Peter Rossos , Chief Medical Information Officer , University Health Network talked about "Big Data In Healthcare – Issues & Opportunities". For a number of reasons healthcare lags decades behind other sectors in leveraging and adopting information and communication technologies. Big Data has potential to contribute to health service transformation by enabling improved access, quality, safety and personalization of care while containing costs and improving operational efficiencies.
He outlined the Big Data opportunities in Healthcare as: Quality, Safety, Access, Efficiency, Cost, Outcomes (reporting and optimization), Analytics (personalized medicine, clinical decision support) and R&D. The new sources of health data include genomic data (gene sequencing data), streamed data (home monitoring, tele-health, bio-sensors) and clinical data (80% unstructured documents, images, clinical or transcribed notes). He highlighted the following major challenges:
- Collecting data (structured vs. unstructured, data quality)
- Aggregating data (interoperability, privacy, ownership)
- Analyzing data (data discovery, interpreting results)
- Consuming data (alignment of payers and providers)
Most legacy systems were not initially designed for clinical care.
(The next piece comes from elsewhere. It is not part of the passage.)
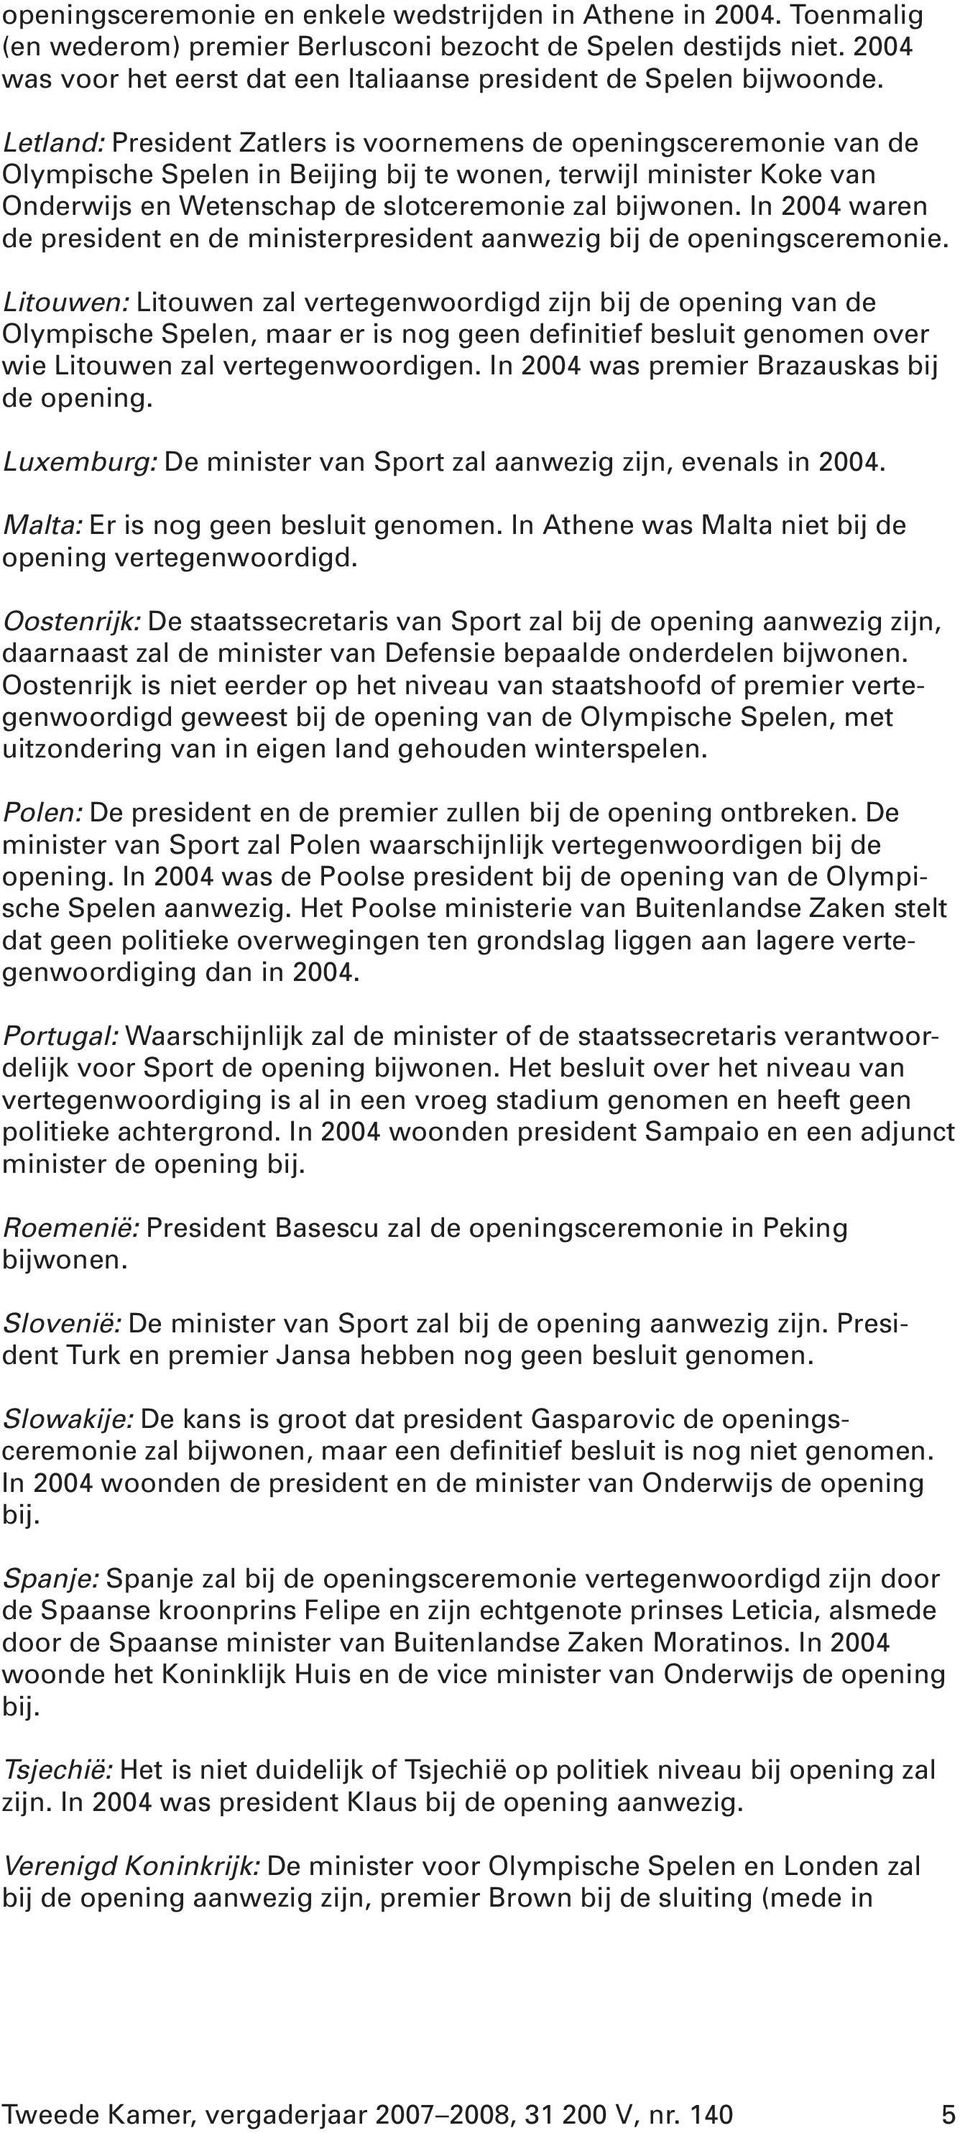 Letland: President Zatlers is voornemens de openingsceremonie van de Olympische Spelen in Beijing bij te wonen, terwijl minister Koke van Onderwijs en Wetenschap de slotceremonie zal bijwonen.
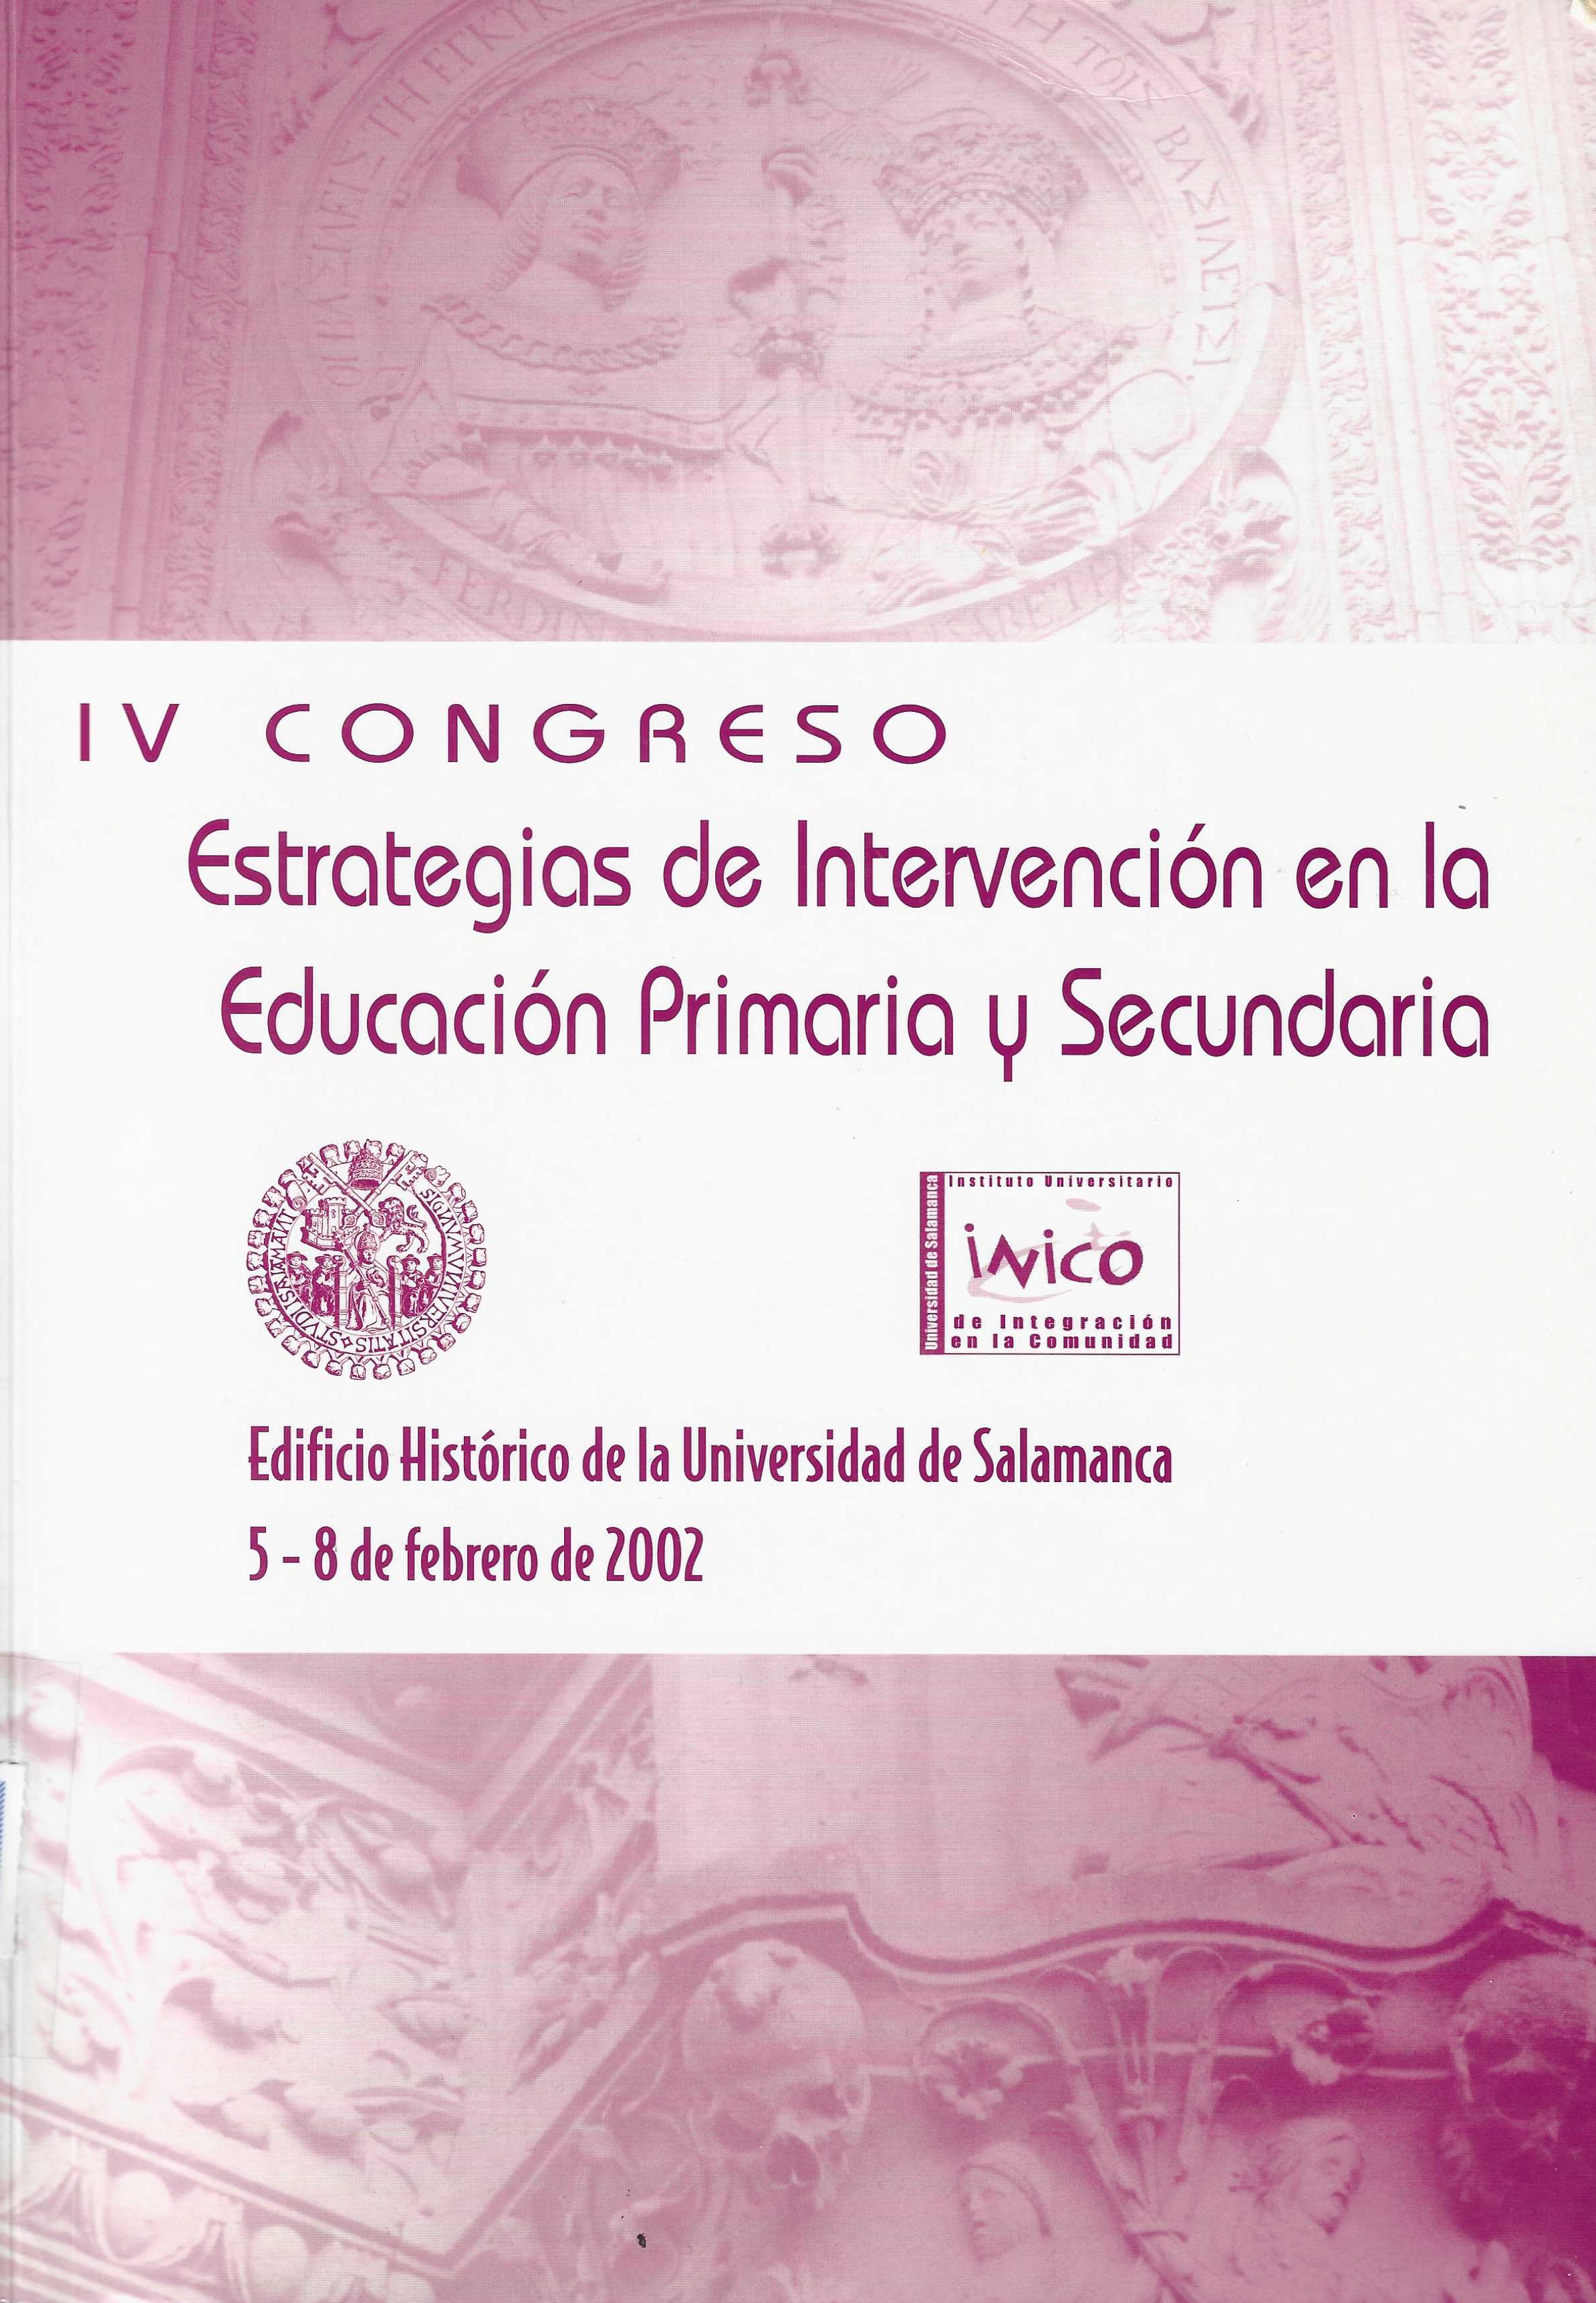 Imagen de portada del libro IV Congreso "Estrategias de intervención en la Educación Primaria y Secundaria"

They were focused on visits rather than patients. Those systems had complicated work-flows and poor inter-operability. Currently, the healthcare industry is facing major challenges around standards, inter-operability, customization, marketplace fragmentation, regulation and user adoption. Big challenges require big resources, and thus, need for the power of community (eg. World Computing Grid). In conclusion, he recommended eHealth initiatives to focus on: Design (empower patients to boost self-efficacy, connect providers to reduce medical errors), Technology (leverage economies of scale, support & fund innovation), and Governance (national standards & strategy, international comparison & benchmarking).
Hashmat Rohian, Assistant Vice President, R&D, Aviva gave an interesting and insightful talk on "Why We Should All Love Graph Analytics & Stop Worrying". Today's complex data is big, variably-structured and densely connected. Hashmat explained how size, structure and connectedness have converged to change the way we work with data. Connected data is prevalent in social networking (as you mention), logistics networks (for package routing), financial transaction graphs (for detecting fraud), telecommunications networks, ad optimization, recommendation engines, bio-informatics, and in many other places. He shared the new opportunities for creating end-user value that have emerged in a world of connected data, through illustrations with graph analytics examples implemented using graph database.
Graphs are a very powerful tool for dealing with more complex data. He defined data complexity through the following equation:
Data Complexity = f (connectedness, size, structure)The benefits of a graph database include "miutes to milliseconds" performance, fit for the domain and business responsiveness (easy to evolve). Then, he walked through several examples such as geographical routes graph, internet networking graph, friendship graph, e-commerce graph (buying patterns & relationship among customers).
A graph database is one that uses graph structures with nodes, edges, and properties to represent and store data. Graph databases provide index-free adjacency. Examples of popular graph database: Neo4j, FlockDB, AllegroGraph, InfiniteGraph, OrientDB, etc. Neo4j is a NOSQL graph database with powerful traversal framework. It works with the Cypher query language over HTTP. Cypher is a human readable language that was purpose built for working with graph data (with inspiration from SQL syntax). It's a primary tool for building graph applications. Finally, he suggested that Graph Theory is particularly useful when we first want to gain some insight into a new domain and understand insights to extract from a domain.